Trump's new version of the 2019 video featured fake (and misspelled) chyrons, supposedly from CNN, that read "TERRIFIED TODLER RUNS FROM RACIST BABY" and "RACIST BABY PROBABLY A TRUMP VOTER," as one of the toddlers, who is Black, runs ahead of his friend, who is White, while ominous background music plays.

The implication is that CNN had misleadingly recast a sweet encounter between two little boys through the prism of our national reckoning over racism and inequality. The patently fake video came from a pro-Trump, meme-generating Twitter account whose owner later gloated that "Todler" was trending on Twitter. Trump's son, Eric, also posted the manipulated video, which has been seen more than 20 million times.

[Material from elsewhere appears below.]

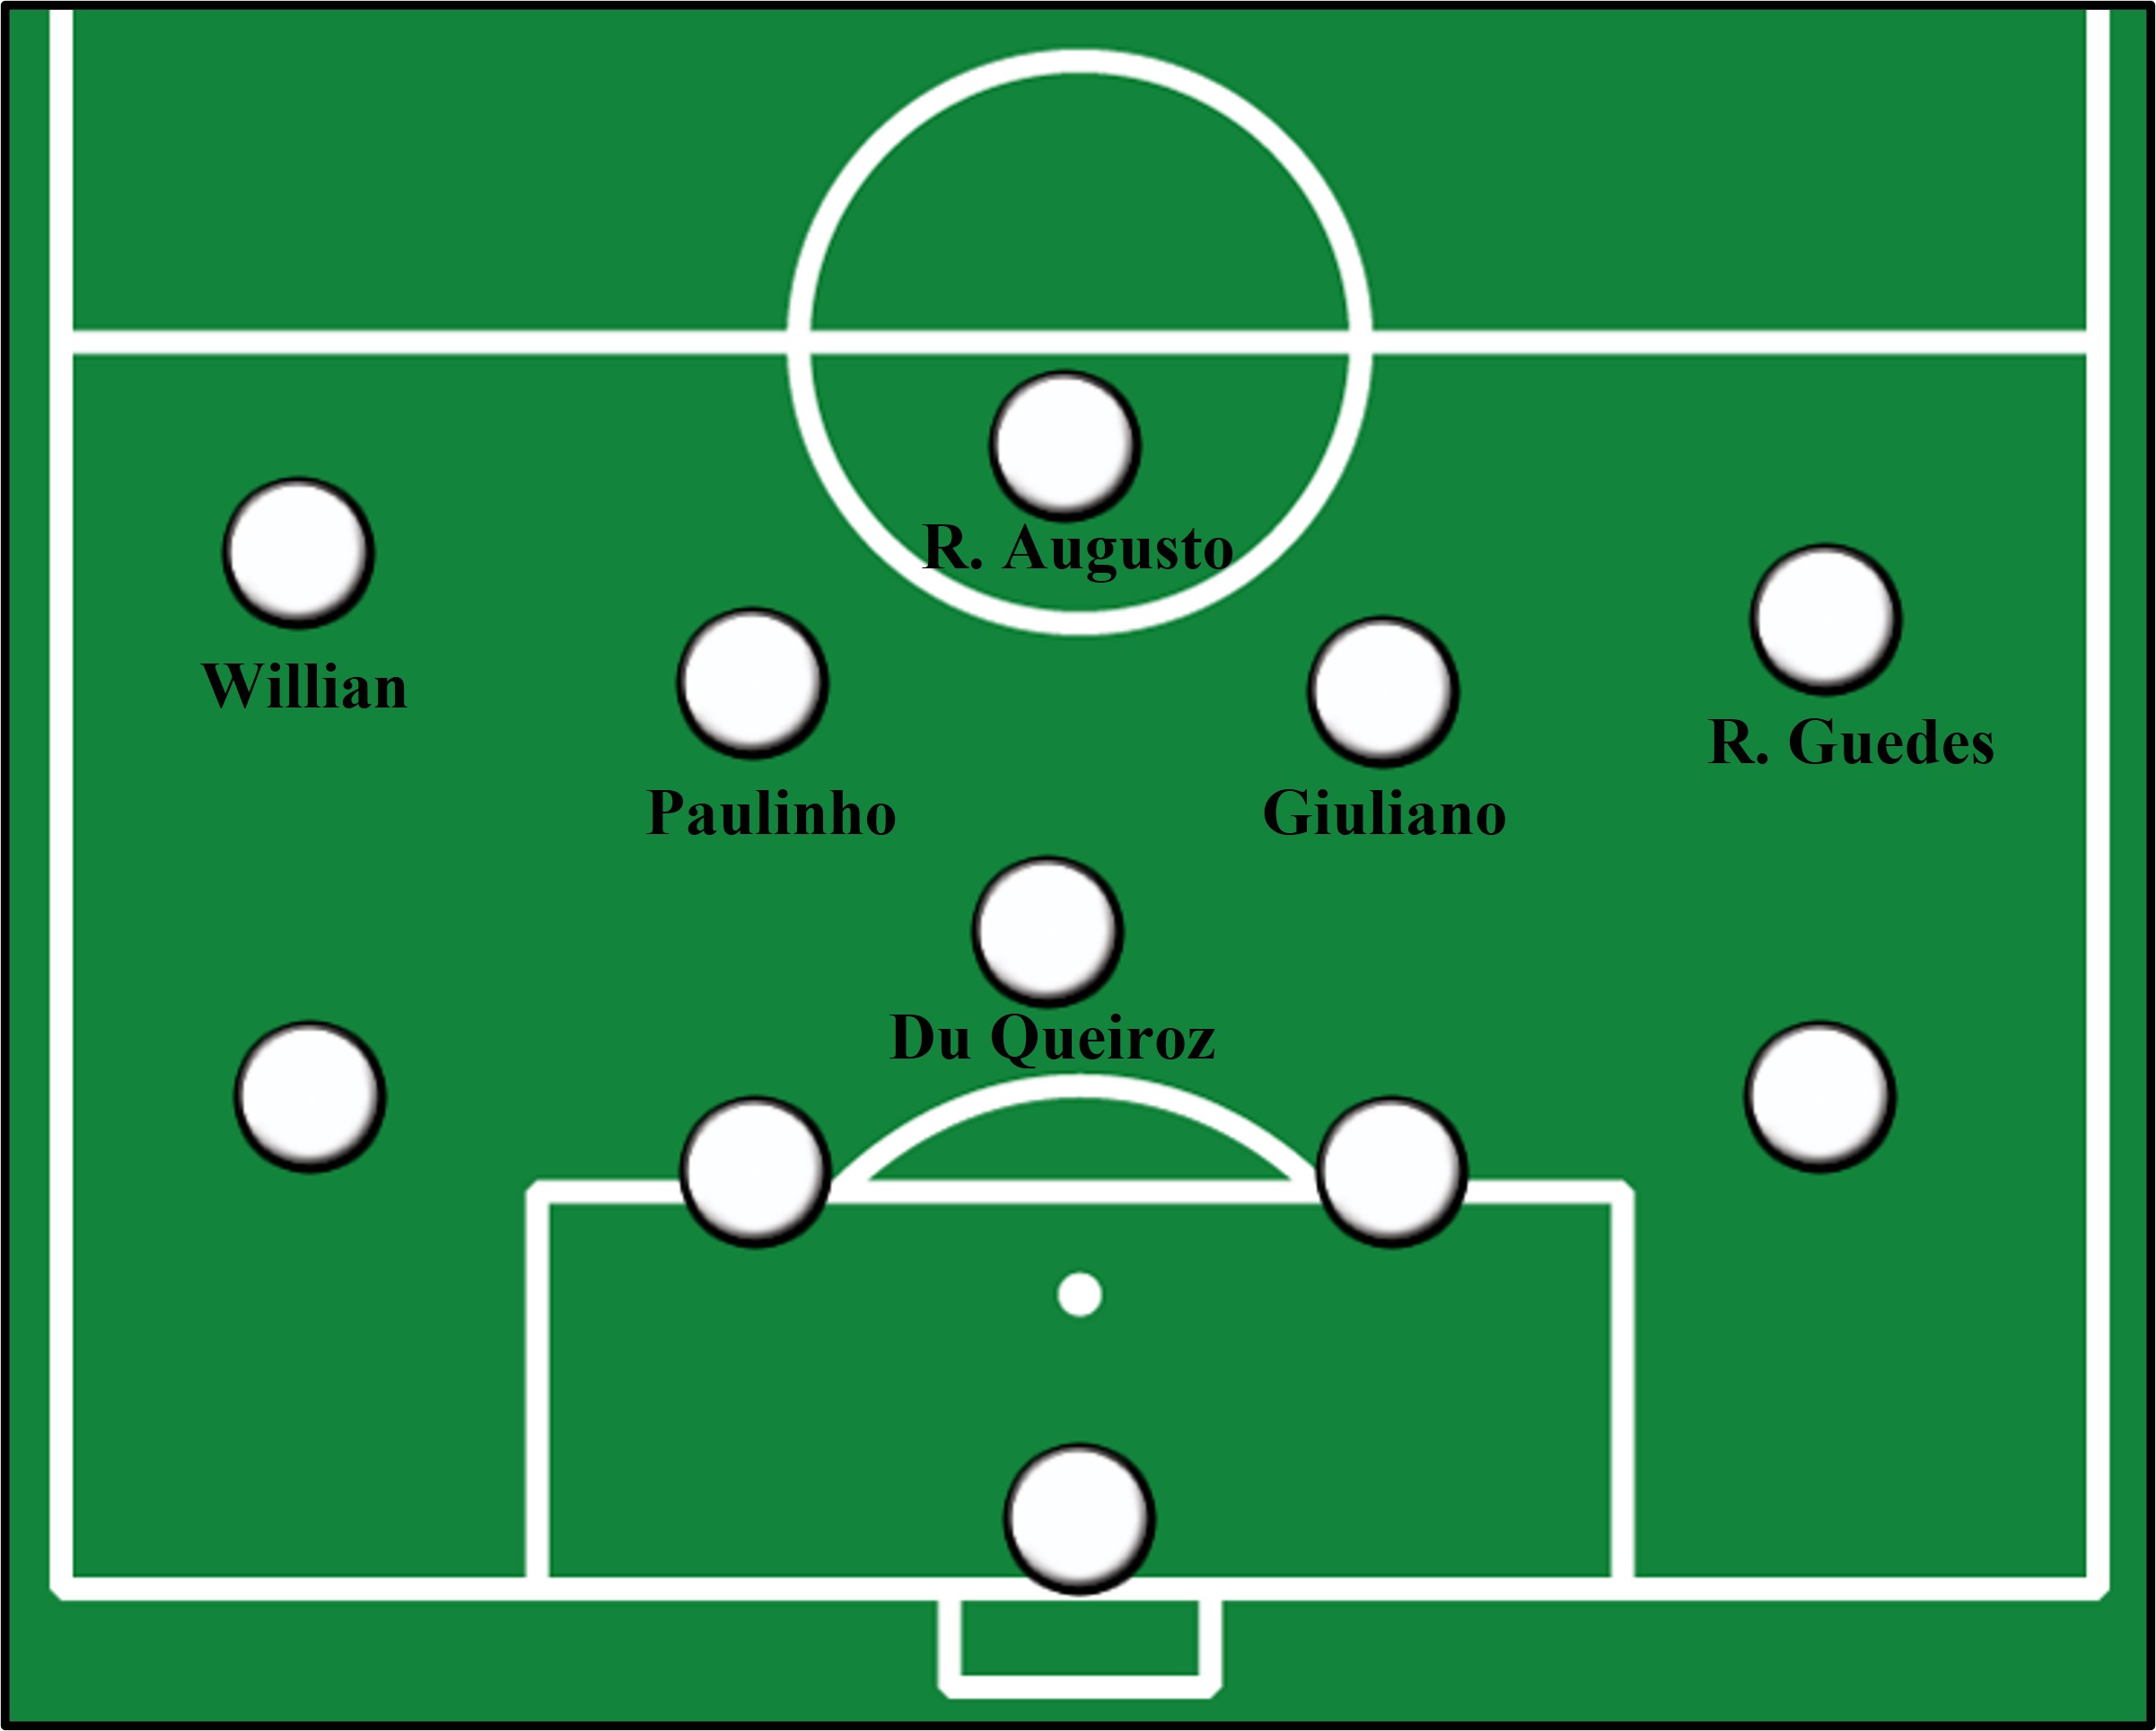 Campo de futebol com bolas brancas representando os jogadores. Estão dispostos na formação 1-4-1-4-1.

The real video could not have conveyed a more fundamentally different message from Trump's post. It showed the two children toddling toward each other on a New York sidewalk as quickly as they could, hugging excitedly, then running down the street together. The father who first uploaded the video to Facebook wrote that the clip of the two "BESTIES" was "just so beautiful," and that he wished that "we could all be like this."

Facebook took down Trump's post after a complaint from a representative of the father that it violated copyright law. Twitter first labeled the video "manipulated" and marked it with a blue exclamation point, under a policy that prohibits "deceptively shar[ing] synthetic or manipulated media that are likely to cause harm."

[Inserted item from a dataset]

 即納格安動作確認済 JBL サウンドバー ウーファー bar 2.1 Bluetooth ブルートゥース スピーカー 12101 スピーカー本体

It later disabled the video based on a copyright claim, after Trump's Tweet was liked 459,000 times.

CNN, the ostensible target of the President's video smear, can fend for itself. It issued a statement that "CNN did cover this story — but exactly as it happened." But what about the children, whose legal rights were plainly violated — by the President of the United States himself?

New York has a right of privacy law that protects what is known as the right of publicity — the right to protect one's own image and identity from exploitation by someone else. Sections 50 and 51 of New York's Civil Rights law prohibit exactly what President Trump did — the unauthorized use of a "name, portrait or picture of any living person" for "advertising purposes, or for the purpose of trade." A successful plaintiff is entitled to both an injunction to stop the violation and to money damages — including punitive damages if it is shown that the defendant "knowingly used such person's name, portrait, picture or voice."

As New York's highest court explained in 1952, the right of privacy statute was "born of the need to protect the individual from selfish, commercial exploitation of his personality." Trump's misconduct falls well within the contours of this law. He used footage of these children without consent to raise money for his presidential campaign. What he did was plainly an effort at political advertising and fundraising: tweeting what looked like a Trump campaign ad playing off two of the campaign's favorite tropes — that opposing racism is misguided, silly political correctness and that the media is evil and duplicitous.

Needless to say, this tweet was not part of the President's official duties; "presidential immunity" won't fly here.

Trump posted the video knowing it was manipulated. New York courts have ruled that such "knowing fictionalization" negates First Amendment protections that might otherwise protect the use of a person's image in connection with speech. (According to his press secretary, the video was only meant to be "satirical" and "funny.")

The situation is somehow both absurd and mind-bogglingly offensive. Trump, who files defamation lawsuits targeting freedom of speech and of the press with impunity and wants to "open up the libel laws" to make it easier to sue, has now maliciously defamed a young boy by falsely suggesting he is a tiny racist.

Just when you think that the despicable disinformation war being waged by President Trump and his campaign on the press and the American people can't get any lower, it somehow has.

It would be poetic justice for Trump to get sued over this repulsive stunt. Those little boys have a very strong case, even though they may not know it yet.